## Your assignment
From the records below, output exactly the lines starting at the line with "Nike SB Dunk Low Run The Jewels - Image" and ending at the line with "General 2048x1152 calm", both of them included, but no pictures.

+++ Exercise data +++

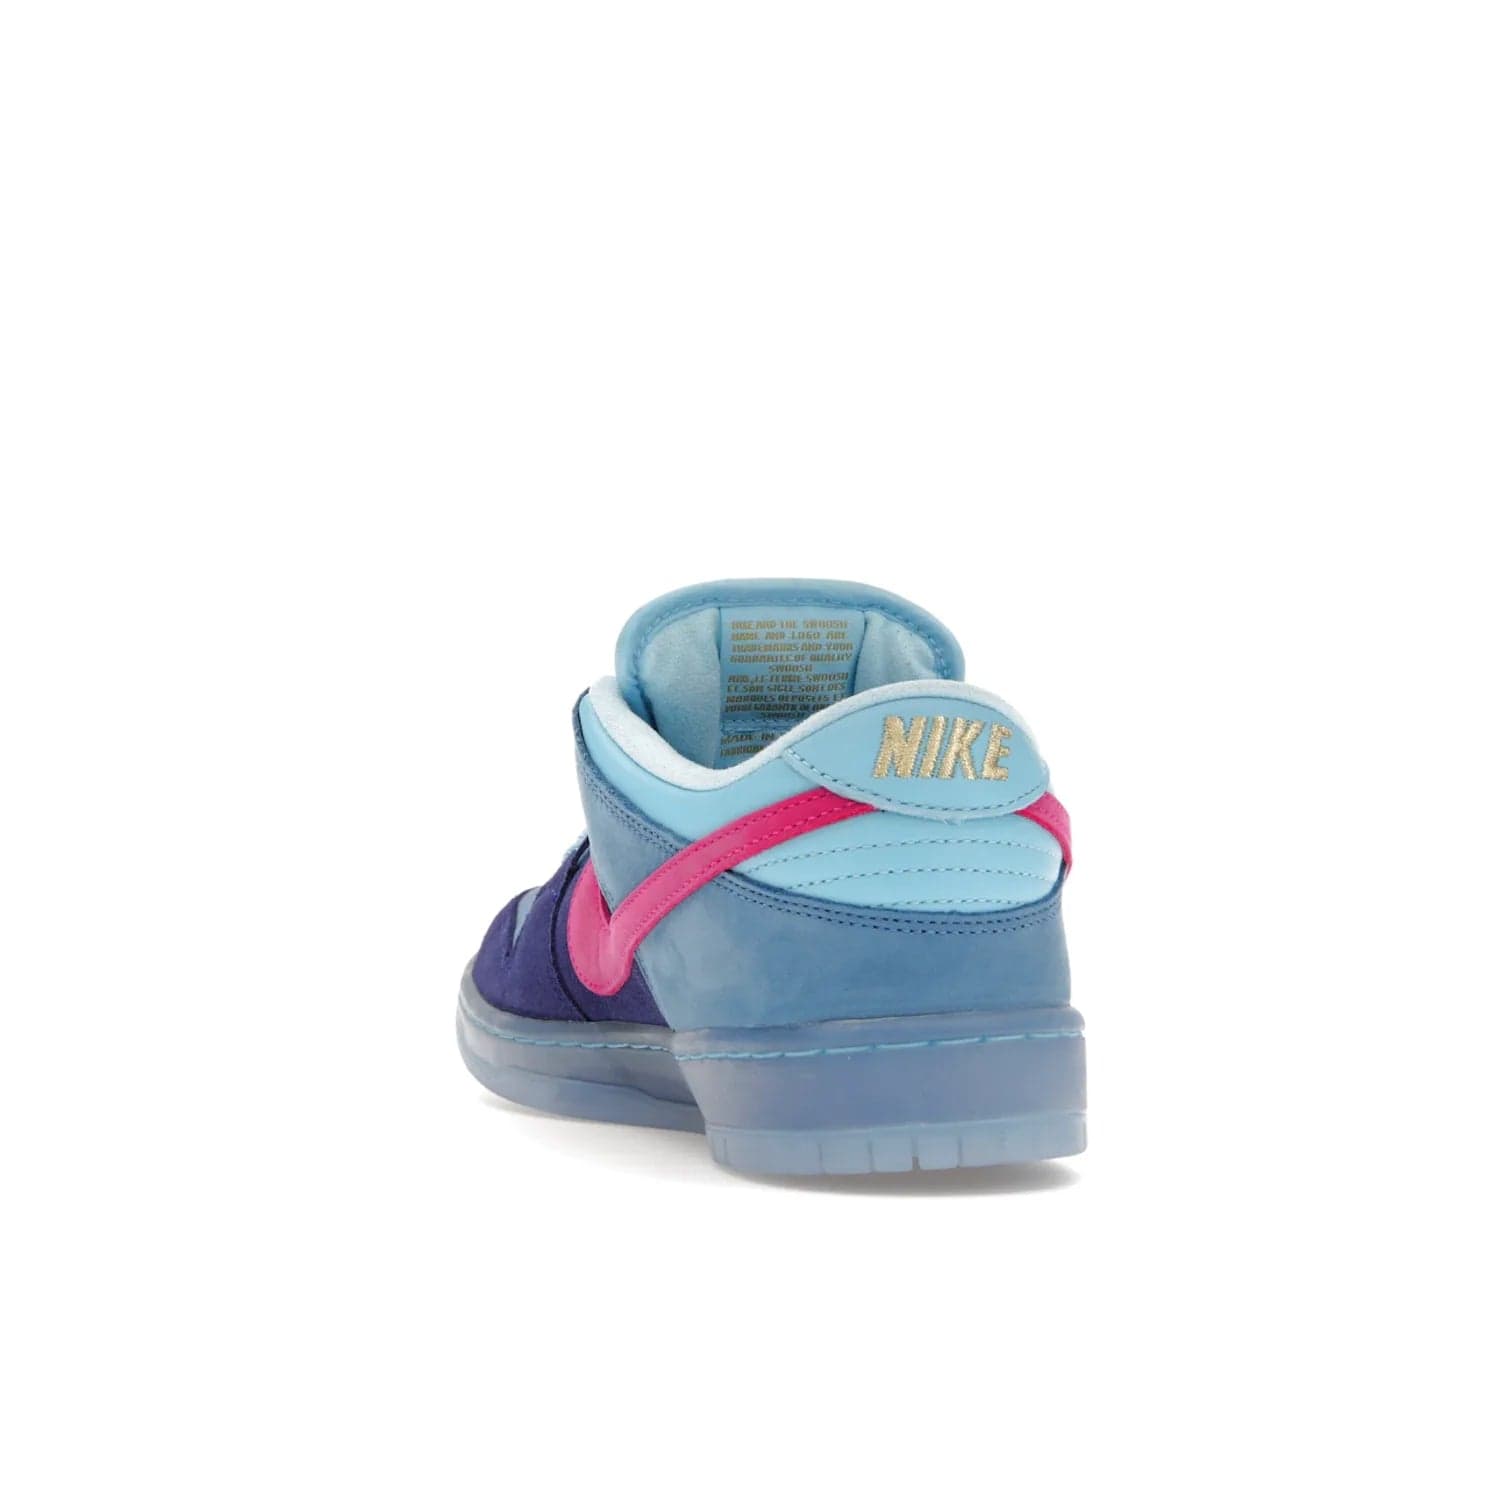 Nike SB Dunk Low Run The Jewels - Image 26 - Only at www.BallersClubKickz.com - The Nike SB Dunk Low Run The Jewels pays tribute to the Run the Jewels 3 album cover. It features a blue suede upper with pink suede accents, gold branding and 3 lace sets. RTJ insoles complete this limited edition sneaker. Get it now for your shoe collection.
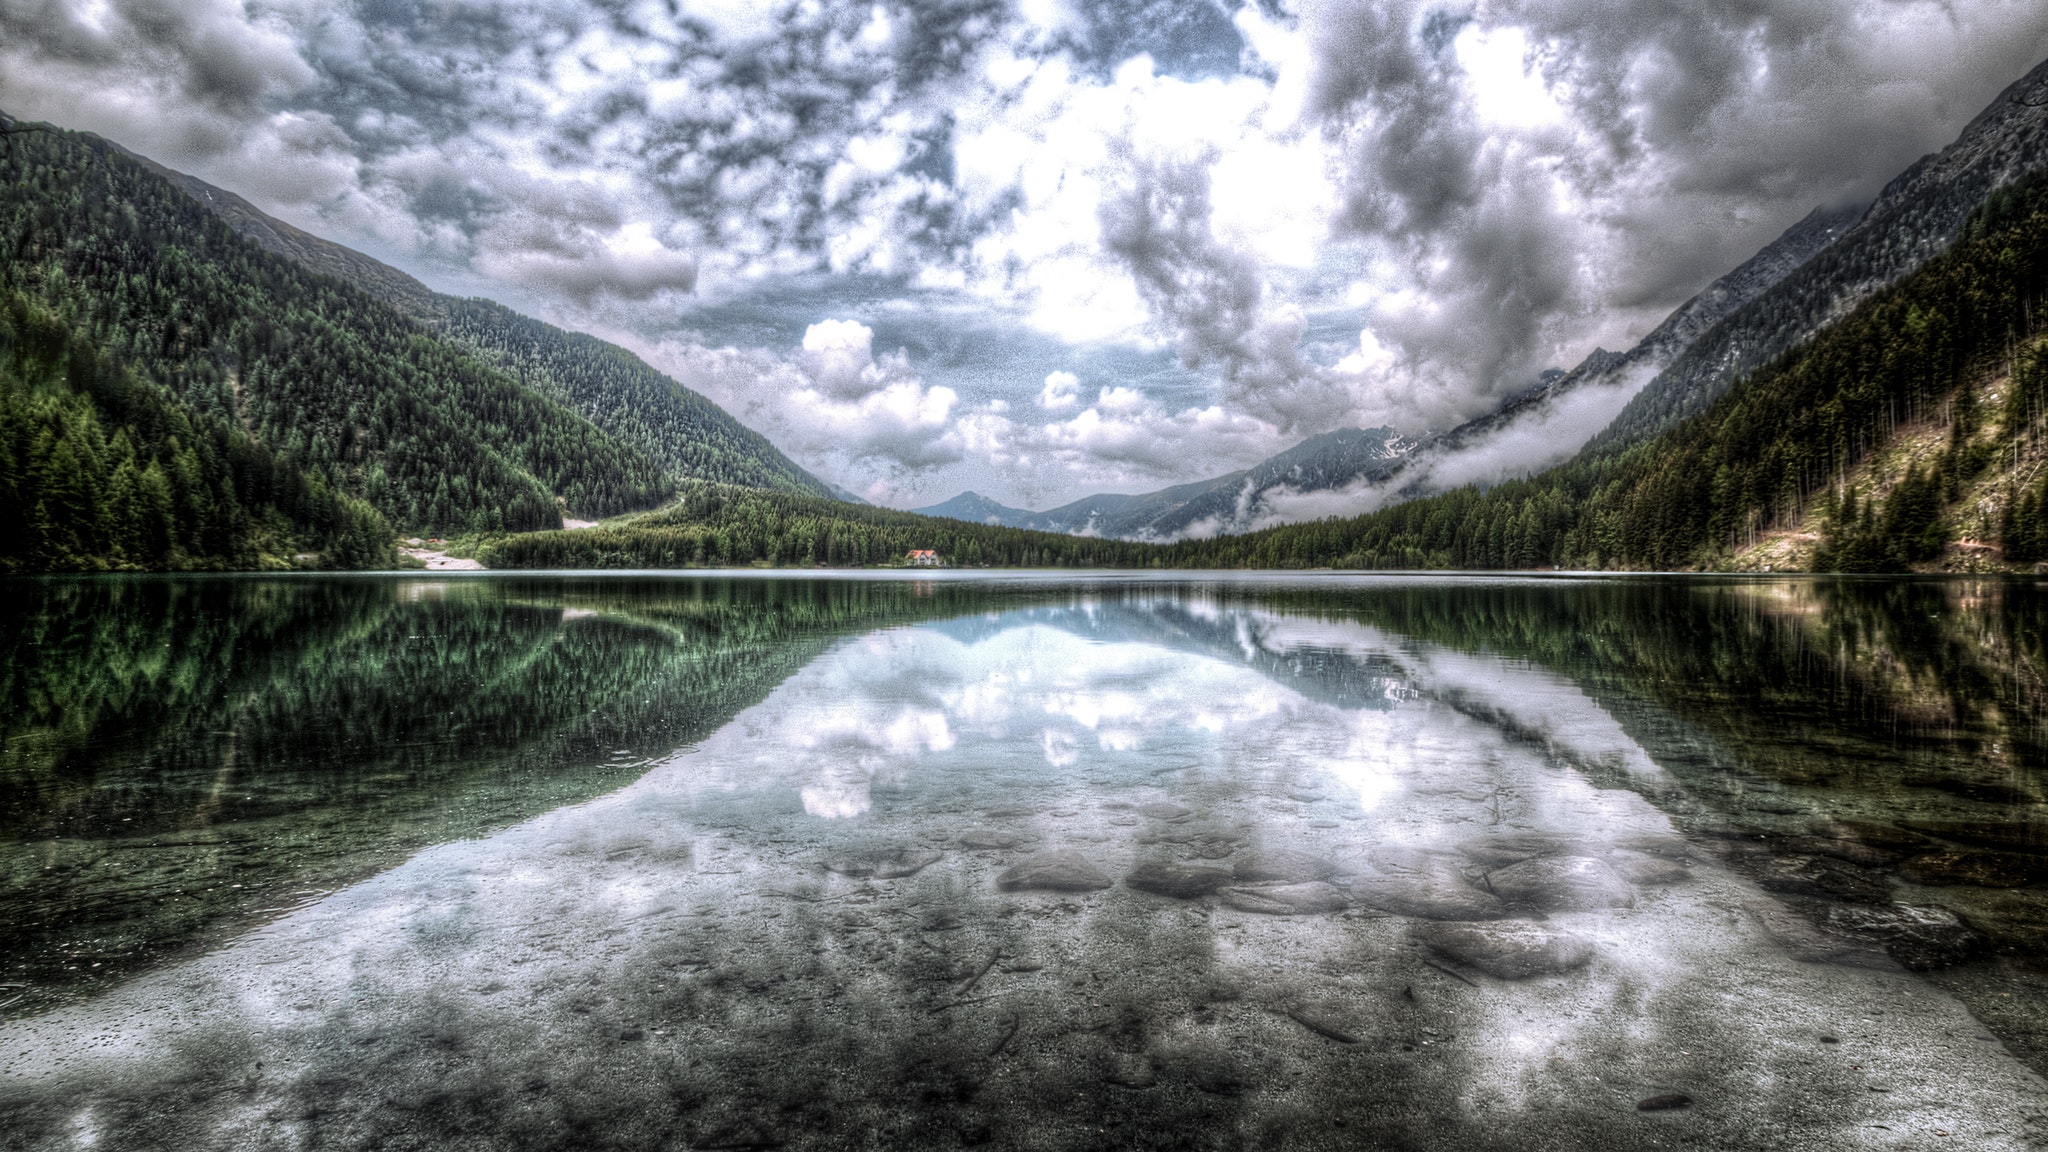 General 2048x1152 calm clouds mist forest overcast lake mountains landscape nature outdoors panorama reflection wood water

+++
+++ Exercise data +++

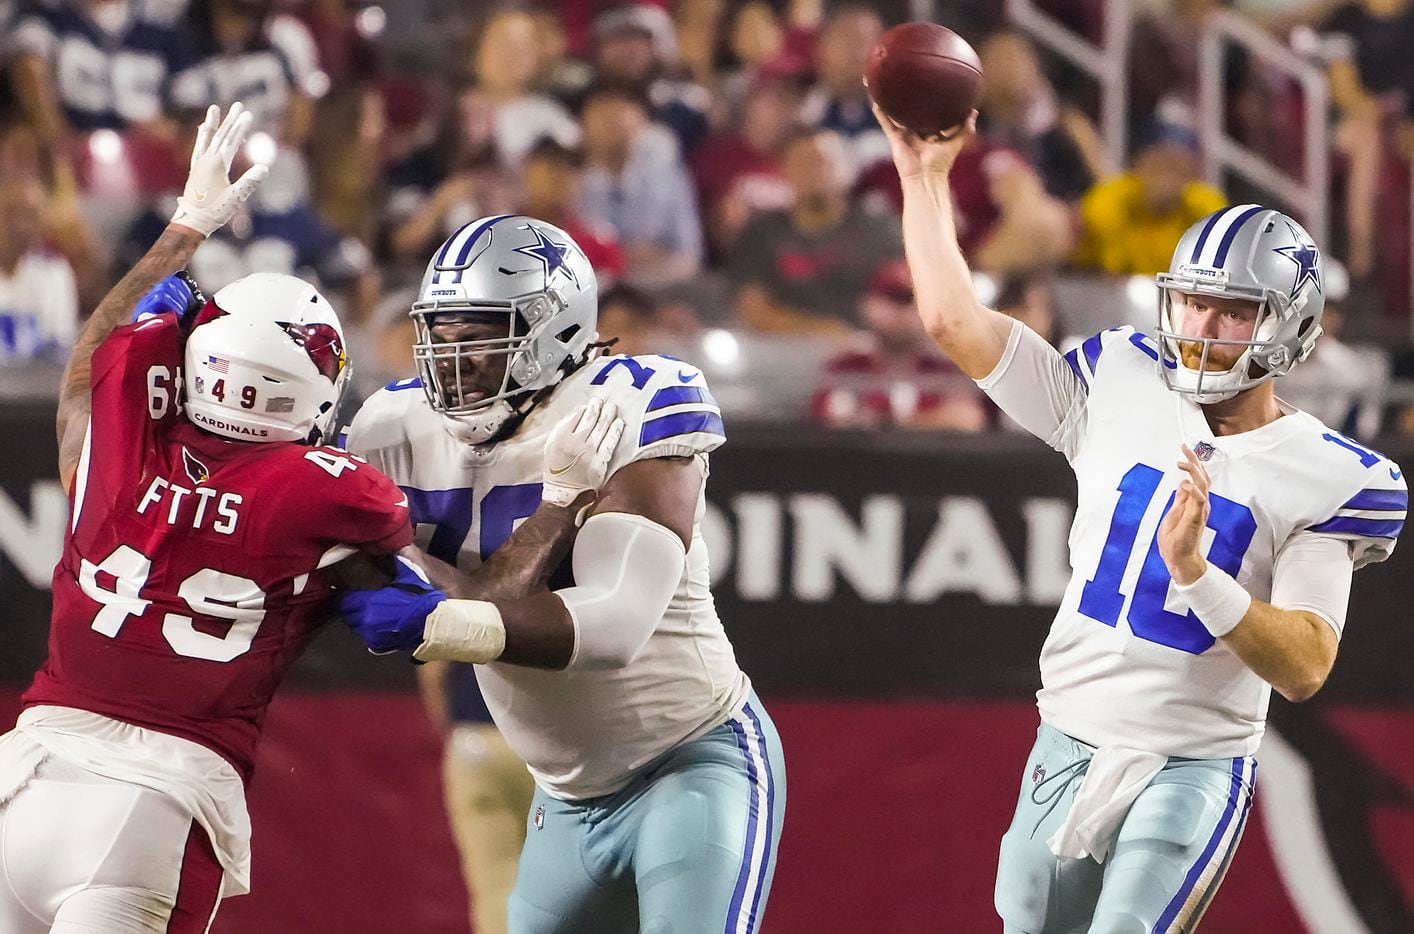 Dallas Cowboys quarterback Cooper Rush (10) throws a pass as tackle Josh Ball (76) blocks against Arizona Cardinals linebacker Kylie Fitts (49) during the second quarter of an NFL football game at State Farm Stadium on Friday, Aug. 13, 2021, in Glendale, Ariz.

+++

## Solution to the problem
 Nike SB Dunk Low Run The Jewels - Image 26 - Only at www.BallersClubKickz.com - The Nike SB Dunk Low Run The Jewels pays tribute to the Run the Jewels 3 album cover. It features a blue suede upper with pink suede accents, gold branding and 3 lace sets. RTJ insoles complete this limited edition sneaker. Get it now for your shoe collection.
 General 2048x1152 calm clouds mist forest overcast lake mountains landscape nature outdoors panorama reflection wood water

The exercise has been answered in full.